What the task asks: Return all of the data exactly, omitting any images.
(Provided material)
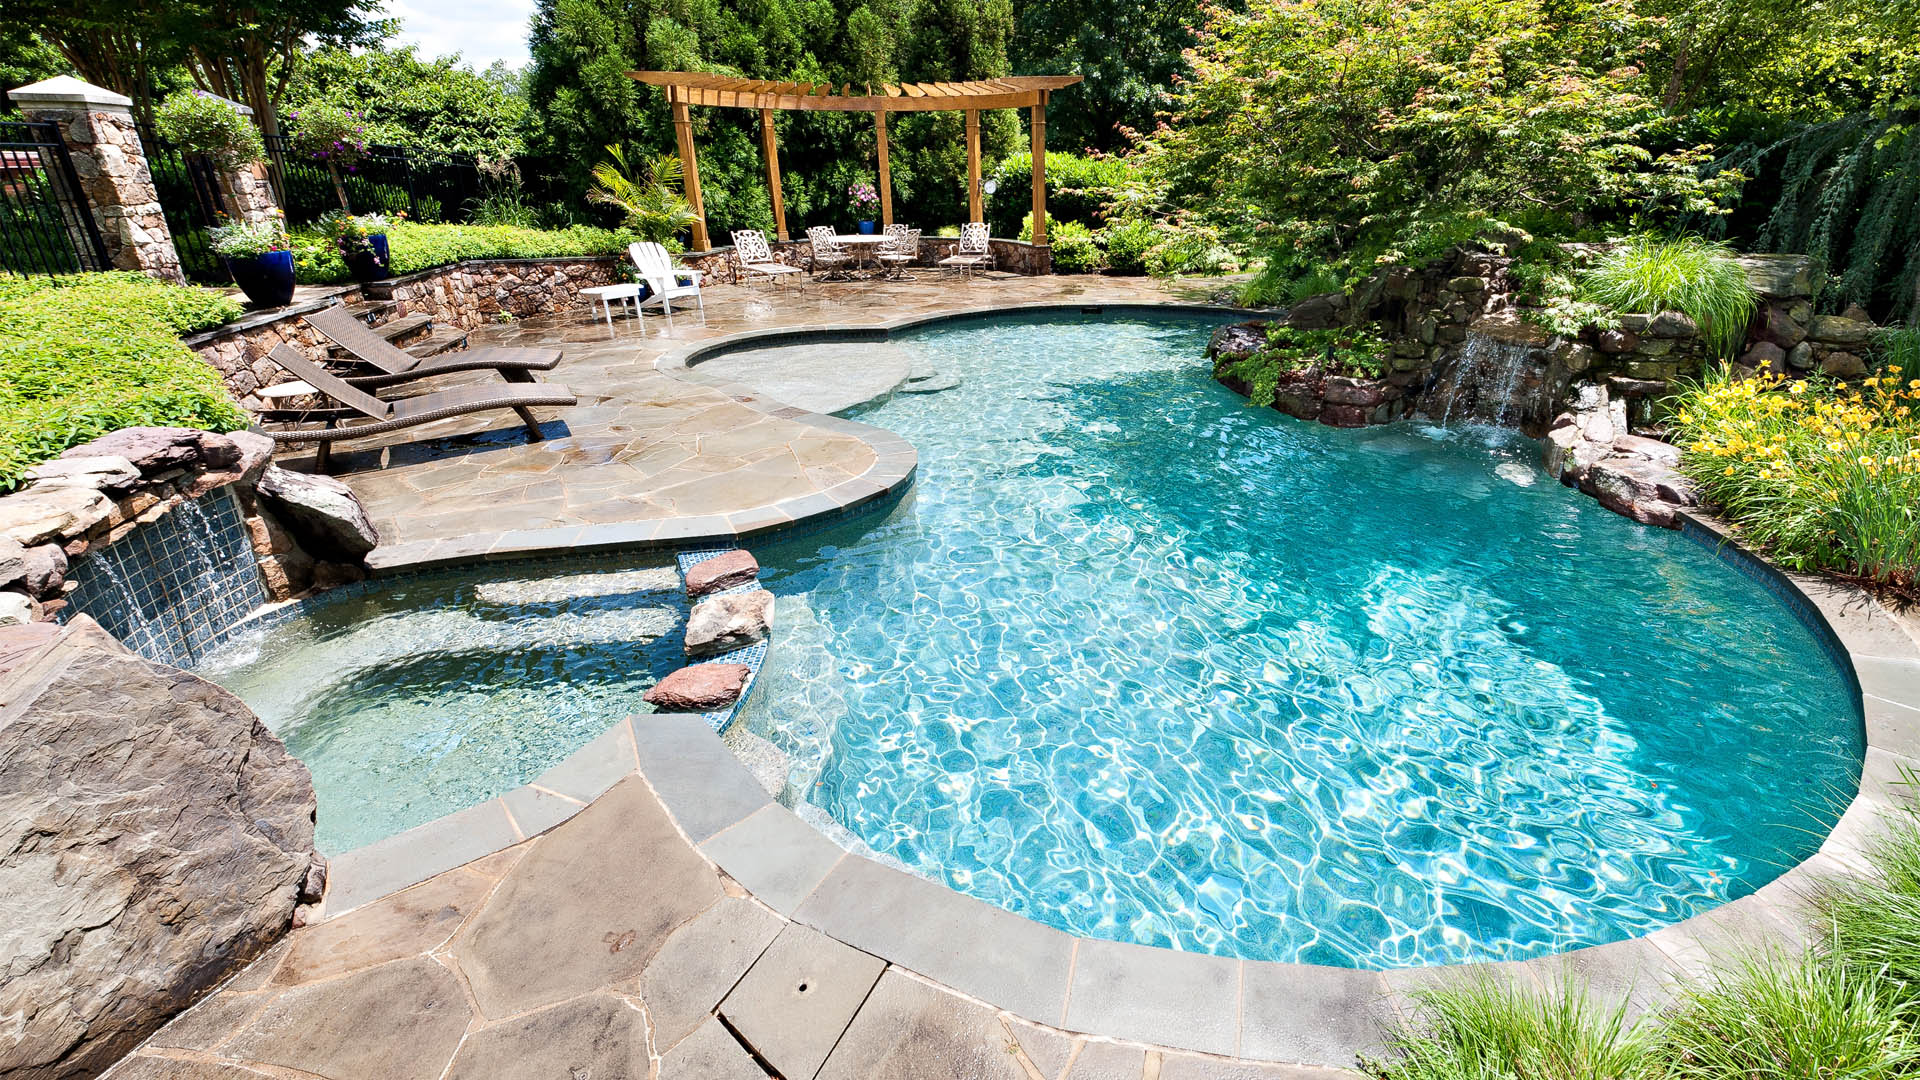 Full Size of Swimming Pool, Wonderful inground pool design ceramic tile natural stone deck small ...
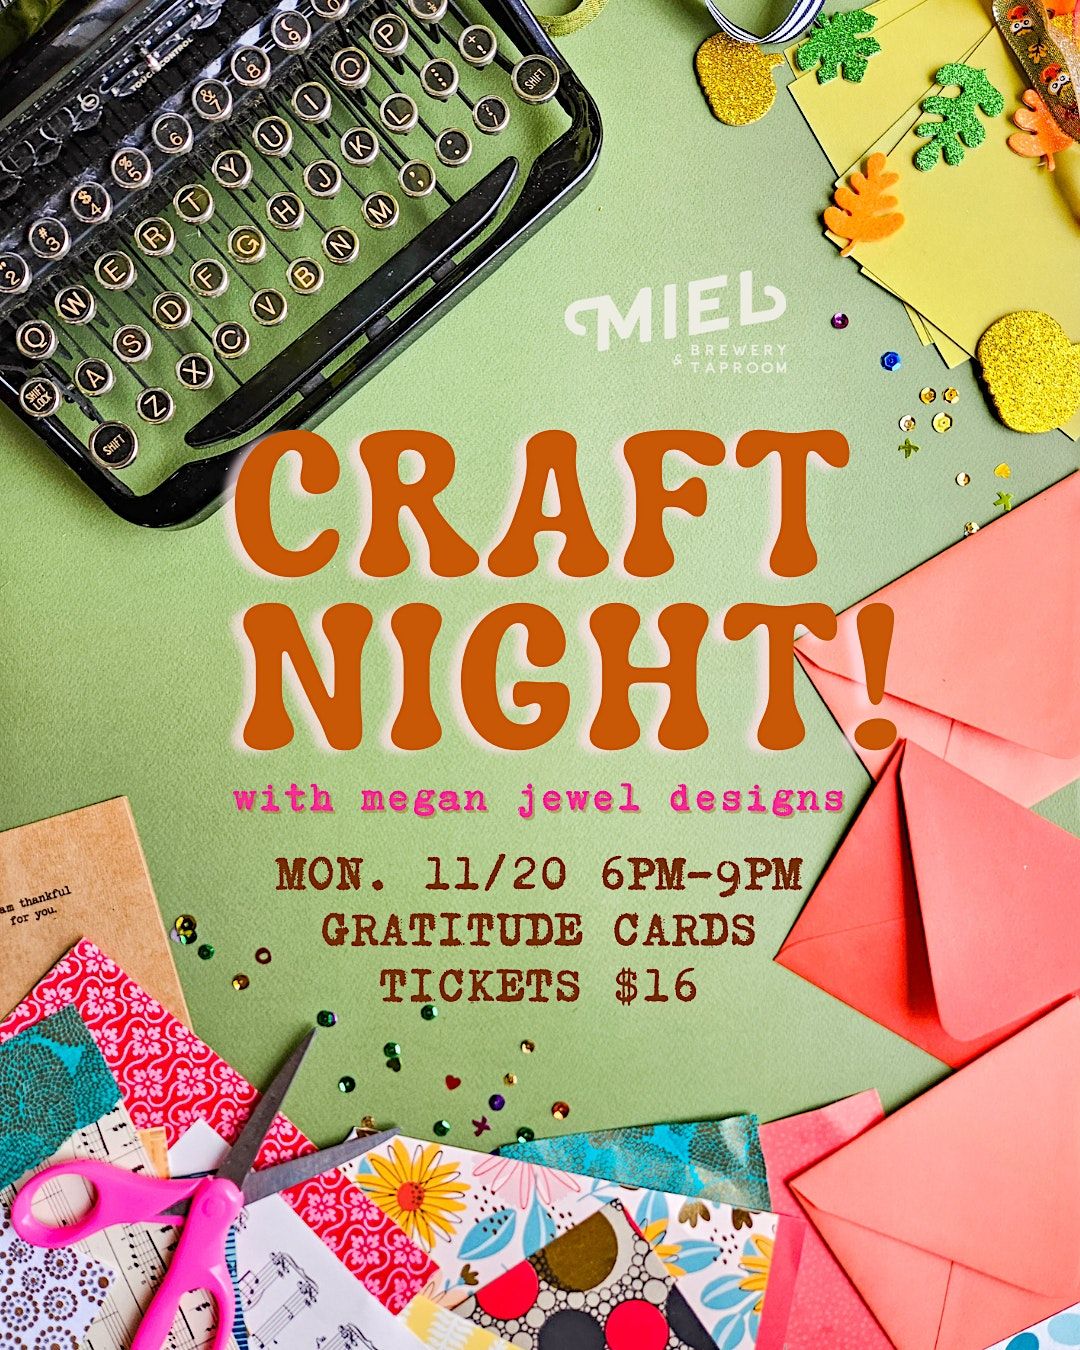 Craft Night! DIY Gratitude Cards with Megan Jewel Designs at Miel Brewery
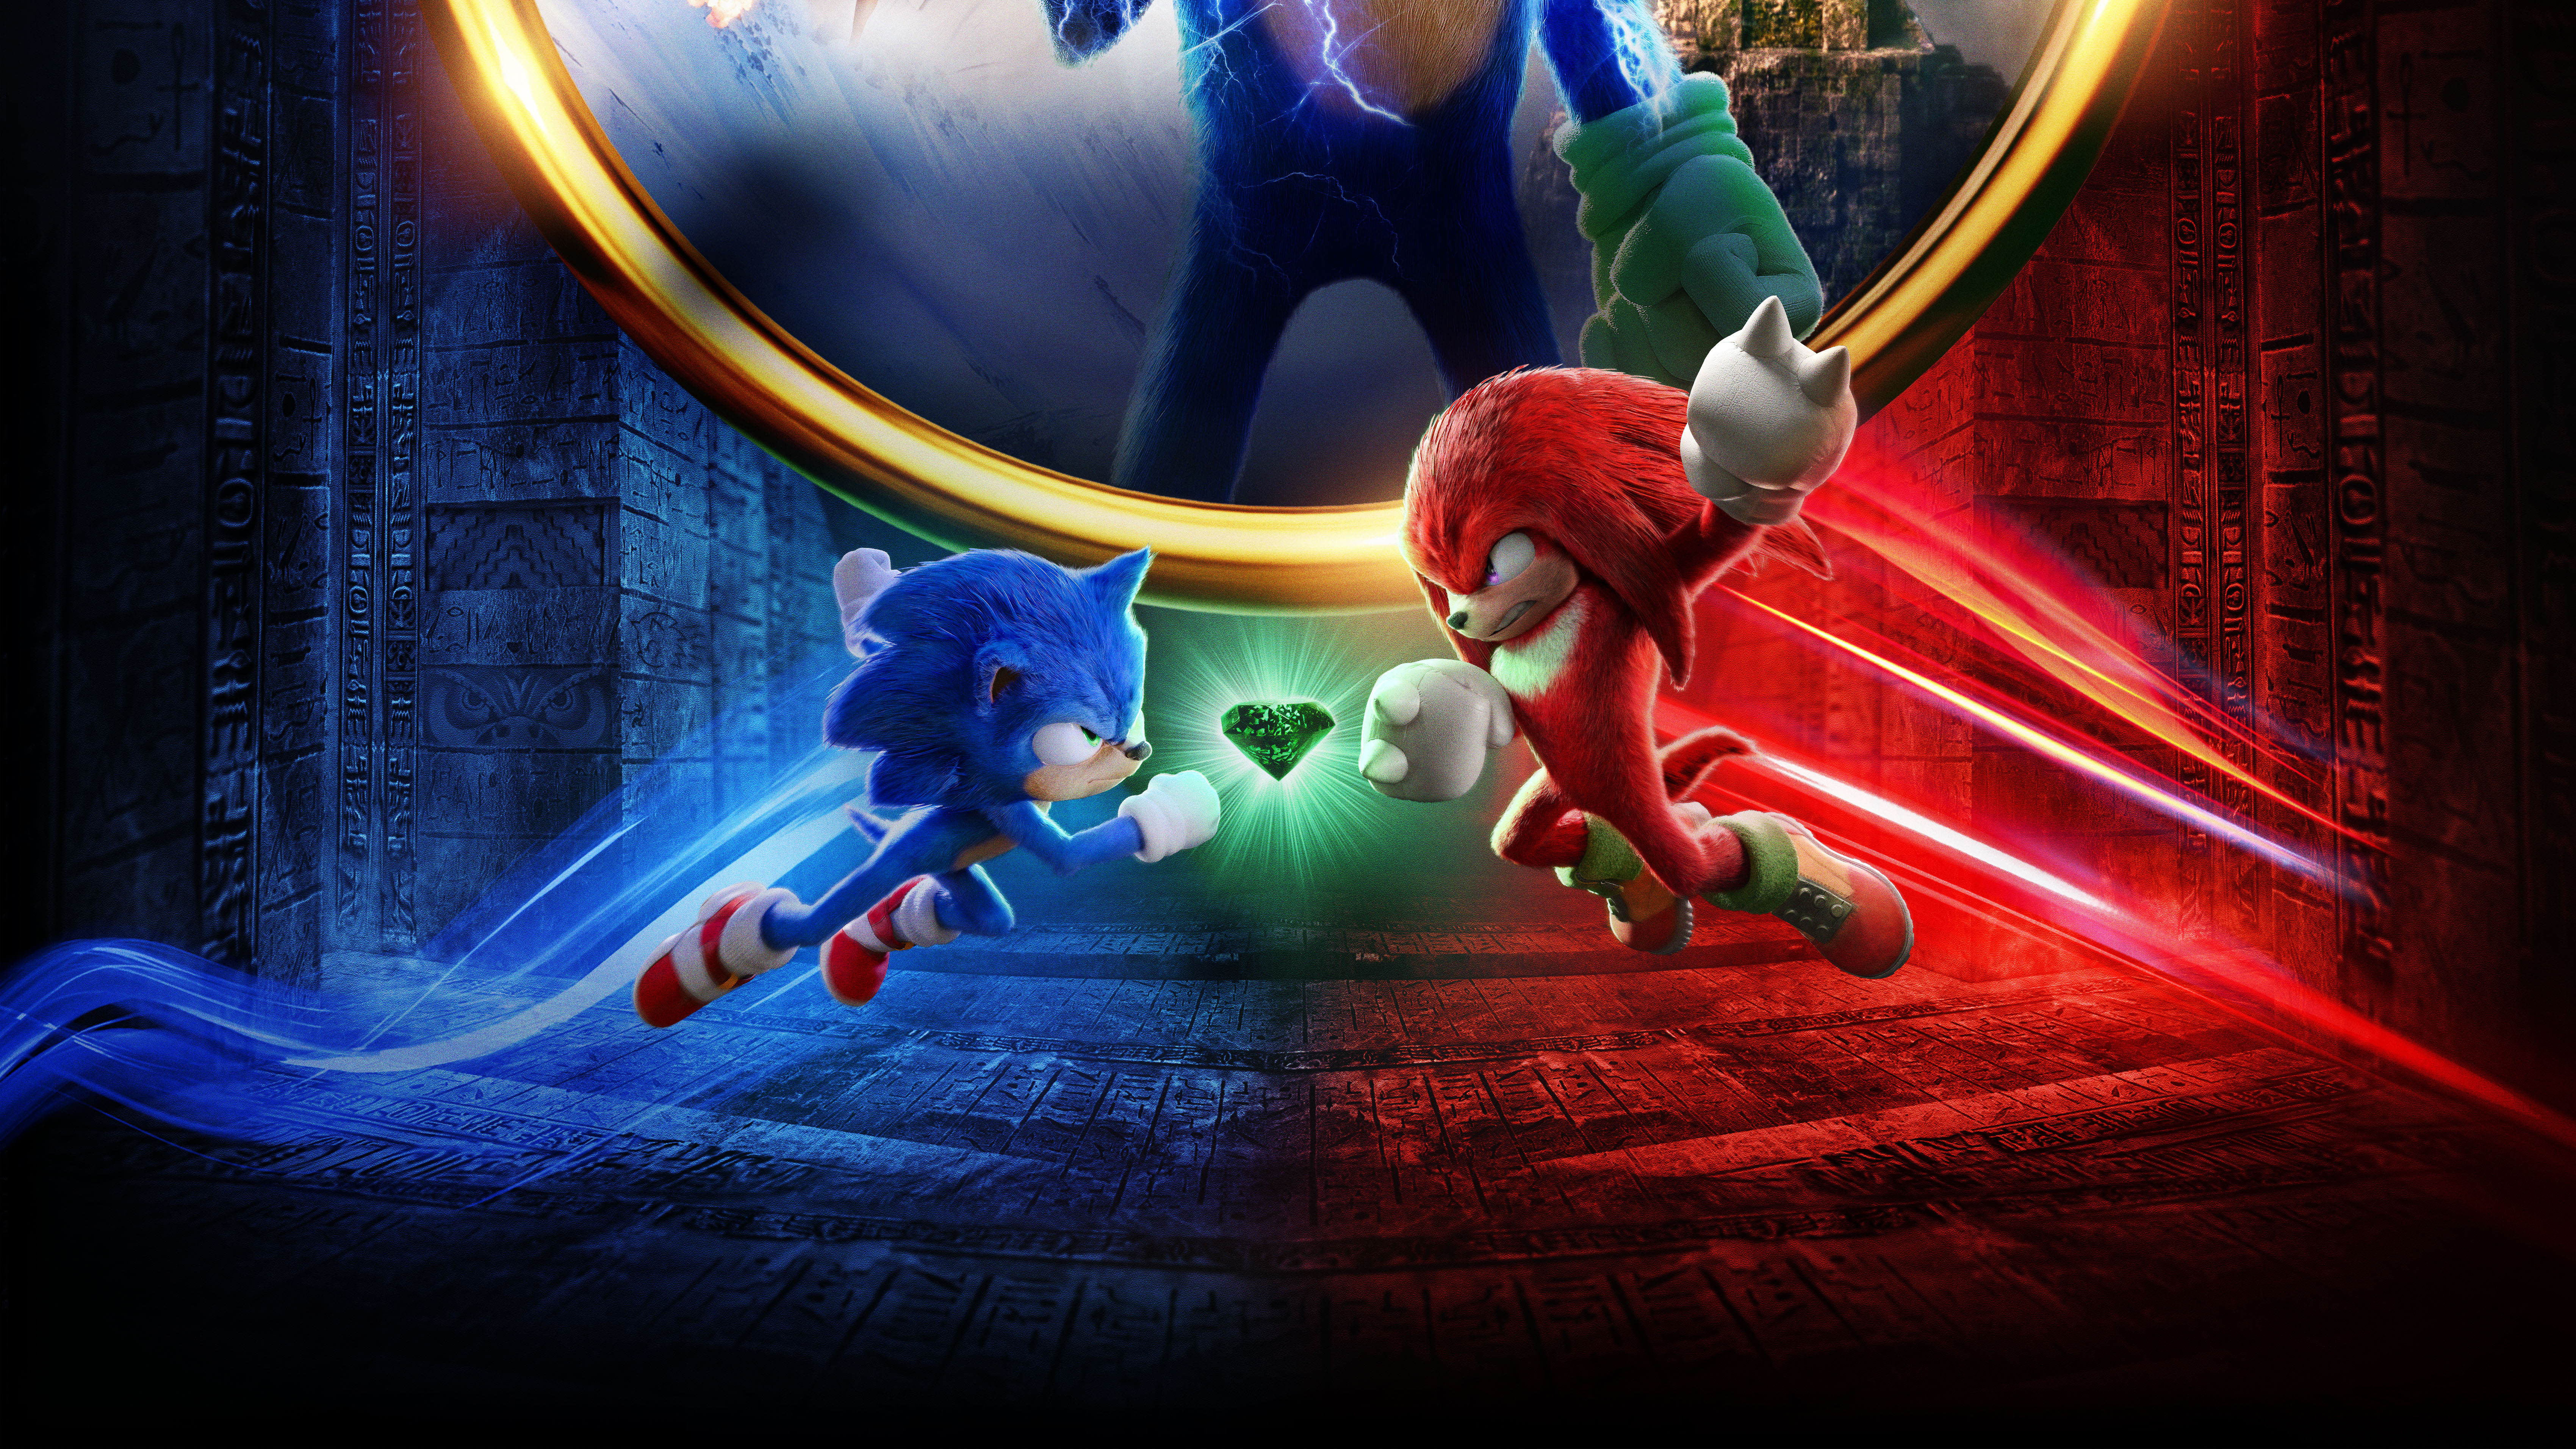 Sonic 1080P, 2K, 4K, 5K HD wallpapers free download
(End Provided material)
Task response:
 Full Size of Swimming Pool, Wonderful inground pool design ceramic tile natural stone deck small ...
 Craft Night! DIY Gratitude Cards with Megan Jewel Designs at Miel Brewery
 Sonic 1080P, 2K, 4K, 5K HD wallpapers free download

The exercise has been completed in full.